Available argument signatures for neg_binomial_2_log:

  int ~ neg_binomial_2_log(real, real)
  int ~ neg_binomial_2_log(real, real[ ])
  int ~ neg_binomial_2_log(real, vector)
  int ~ neg_binomial_2_log(real, row_vector)
  int ~ neg_binomial_2_log(real[ ], real)
  int ~ neg_binomial_2_log(real[ ], real[ ])
  int ~ neg_binomial_2_log(real[ ], vector)
  int ~ neg_binomial_2_log(real[ ], row_vector)
  int ~ neg_binomial_2_log(vector, real)
  int ~ neg_binomial_2_log(vector, real[ ])
  int ~ neg_binomial_2_log(vector, vector)
  int ~ neg_binomial_2_log(vector, row_vector)
  int ~ neg_binomial_2_log(row_vector, real)
  int ~ neg_binomial_2_log(row_vector, real[ ])
  int ~ neg_binomial_2_log(row_vector, vector)
  int ~ neg_binomial_2_log(row_vector, row_vector)
  int[ ] ~ neg_binomial_2_log(real, real)
  int[ ] ~ neg_binomial_2_log(real, real[ ])
  int[ ] ~ neg_binomial_2_log(real, vector)
  int[ ] ~ neg_binomial_2_log(real, row_vector)
  int[ ] ~ neg_binomial_2_log(real[ ], real)
  int[ ] ~ neg_binomial_2_log(real[ ], real[ ])
  int[ ] ~ neg_binomial_2_log(real[ ], vector)
  int[ ] ~ neg_binomial_2_log(real[ ], row_vector)
  int[ ] ~ neg_binomial_2_log(vector, real)
  int[ ] ~ neg_binomial_2_log(vector, real[ ])
  int[ ] ~ neg_binomial_2_log(vector, vector)
  int[ ] ~ neg_binomial_2_log(vector, row_vector)
  int[ ] ~ neg_binomial_2_log(row_vector, real)
  int[ ] ~ neg_binomial_2_log(row_vector, real[ ])
  int[ ] ~ neg_binomial_2_log(row_vector, vector)
  int[ ] ~ neg_binomial_2_log(row_vector, row_vector)

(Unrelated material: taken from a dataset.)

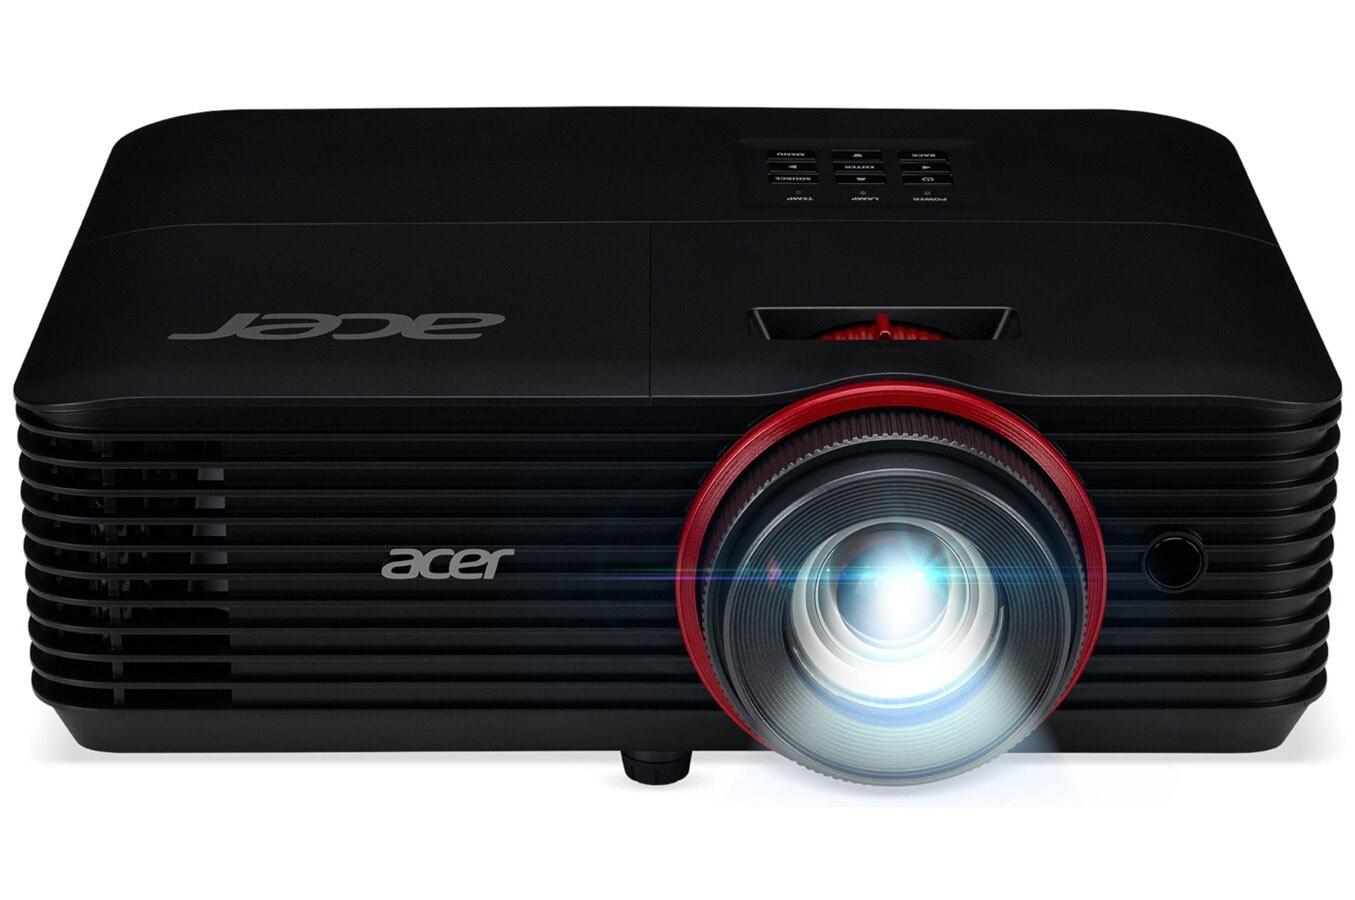 Vidéoprojecteur Acer Nitro G550 (via ODR 100) - Full HD 1080p - Compatible 4K HDR

It seems that from the available signatures, it is not possible to estimate missing values (Yl).
Thank you!

Add in functions block:

  real nbinom_log(real k,  real mu1, real r) {
     return  lgamma(r + k) - lgamma(k+1) - lgamma(r) + r * (log(r) - log(r + exp(mu1))) + k * (mu1- log(r + exp(mu1)));
  }

Write the function by yourself. Add in model block:

target += nbiom_log(Y1, beta0 + X_Q * betas_tilde, phi2);